Toland used the Masons as his vehicle to spread subversive ideas on the continent. Between 1710 and 1726, when Voltaire arrived in England, Toland's ideas were circulating through France and condemned in England.
That battle between the "antients" and "modern" freemasons continued for a Century. The Whigs won the battle in England, but lost it elsewhere, notably in America, where "ancient" anti-Whig Freemasonry played a significant role in the American Revolution.
Kant felt Spinoza was a dangerous Jewish revolutionary, a Cabalist who got his ideas from Giordano Bruno. Spinoza was familiar with Bruno's writings and had written a dialogue in his manner as a young man. Bruno taught that "Natura est Deus in rebus etc in De immenso, spaccio, et summa terminorum," and so unsurprisingly this idea found its way into the writings of John Toland, who promoted Bruno and Spinoza. Voltaire cited Toland in 1734 and linked him to Spinoza.
If pressed on the issue of religion, Toland probably would have taken the position of the Traite de Trois Imposteurs that all religions were fraudulent. In practice; he came down harder on Christianity, claiming (if he were the author of the Traite) that Jesus was ignorant of even the Egyptian magic Moses knew. By 1714, Toland was praising the Jews, claiming they "honor one supreme being or First Cause and obey the law of Nature..."
Toland was also the first 18th Century thinker to espouse "the cause of religious toleration for the Jews..." This newfound sympathy may have a Masonic connection. Freemasonry aspired to be a religion that could be acceptable to all. The English lodges, at least, were admitting more and more Jews. This was another instance of ideas that were considered tame in England but subversive elsewhere. The German lodges had conflicts with the Grand Lodge in London over the admission of Jews. Germans did not want Jews in their lodges, but they were forced to accept them by the English. The Amsterdam lodge, "where a pantheist and hence a follower of John Toland served for many years as Master of its lodge," followed the English lead in admitting Jews.
"The Newtonian System of the World: The Best Model of Government." Masonic promotion of Newton provided an alternative to the Cartesianism triumphant on the continent (Cartesianism is the name given to the philosophical and scientific system of René Descartes and its subsequent development by other seventeenth century thinkers, most notably Nicolas Malebranche and Baruch Spinoza).

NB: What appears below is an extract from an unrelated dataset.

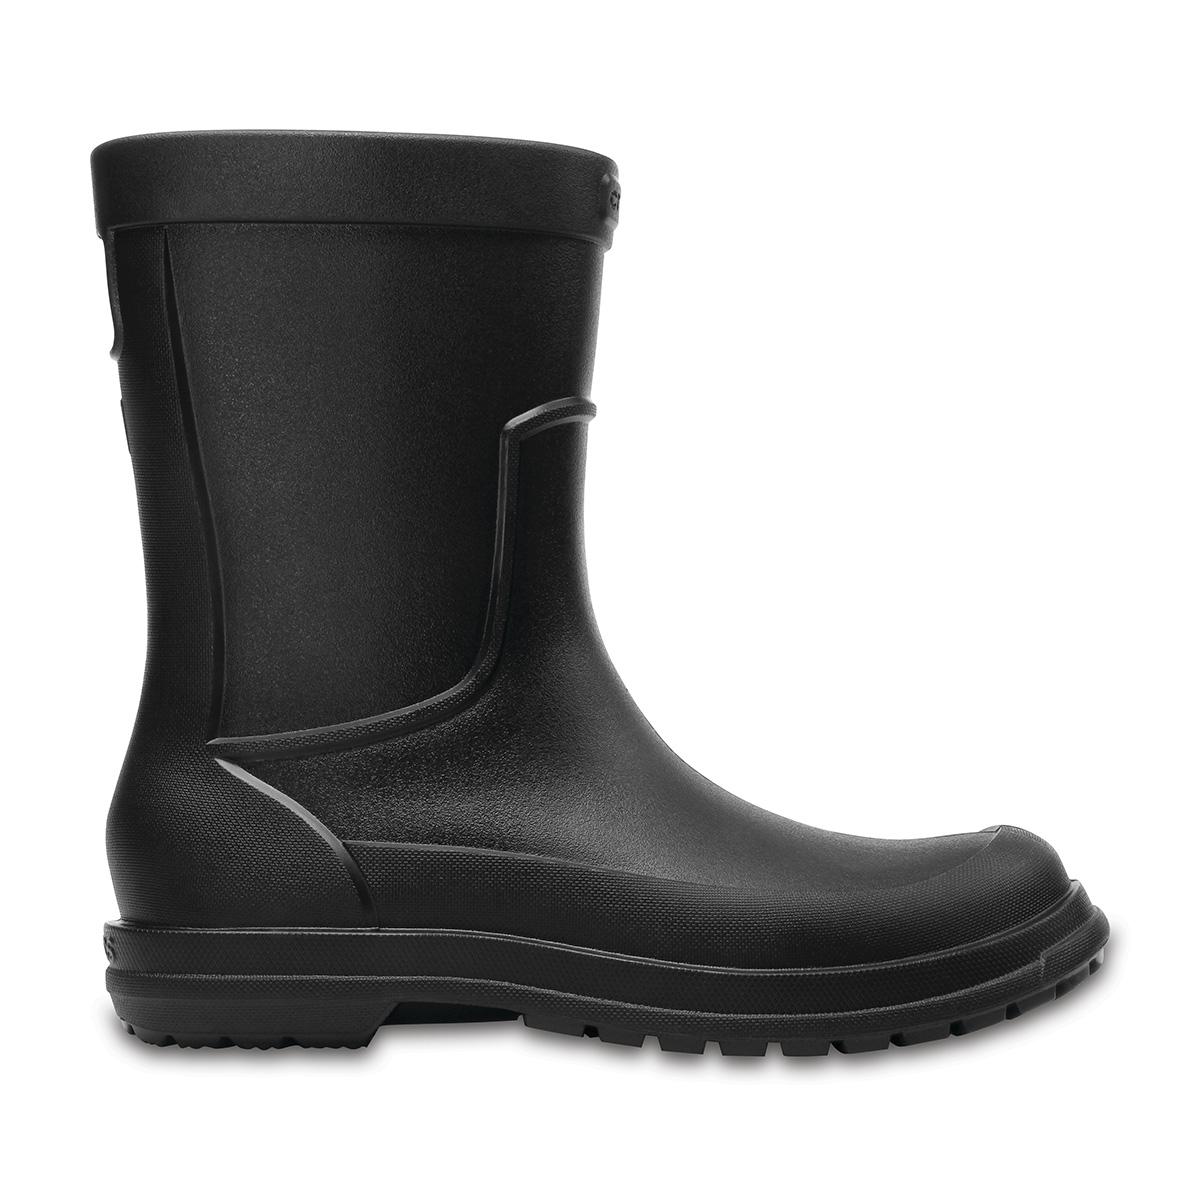 AllCast Rain Boot M - Siyah/Siyah

Plato: Under the name of "the Infinite" three-fourths of reality remains forever unknowable (See "Dark Matter").
The 1717 re-organization of the Lodge was really a redefinition as well. Newtonians and Whig agents presided over the expulsion of the Jacobites and redefined the lodges into something which was less Christian and more attractive to revolutionary subversives and Jews. This was especially true on the continent. Anderson and Desaguliers redefined the faith of the lodge, turning it away from its Jacobite philo-Catholic Masonic base into "the Religion in which all men can agree." The Whigs and Newtonians who refined the craft put it on a trajectory toward secularism and subversion.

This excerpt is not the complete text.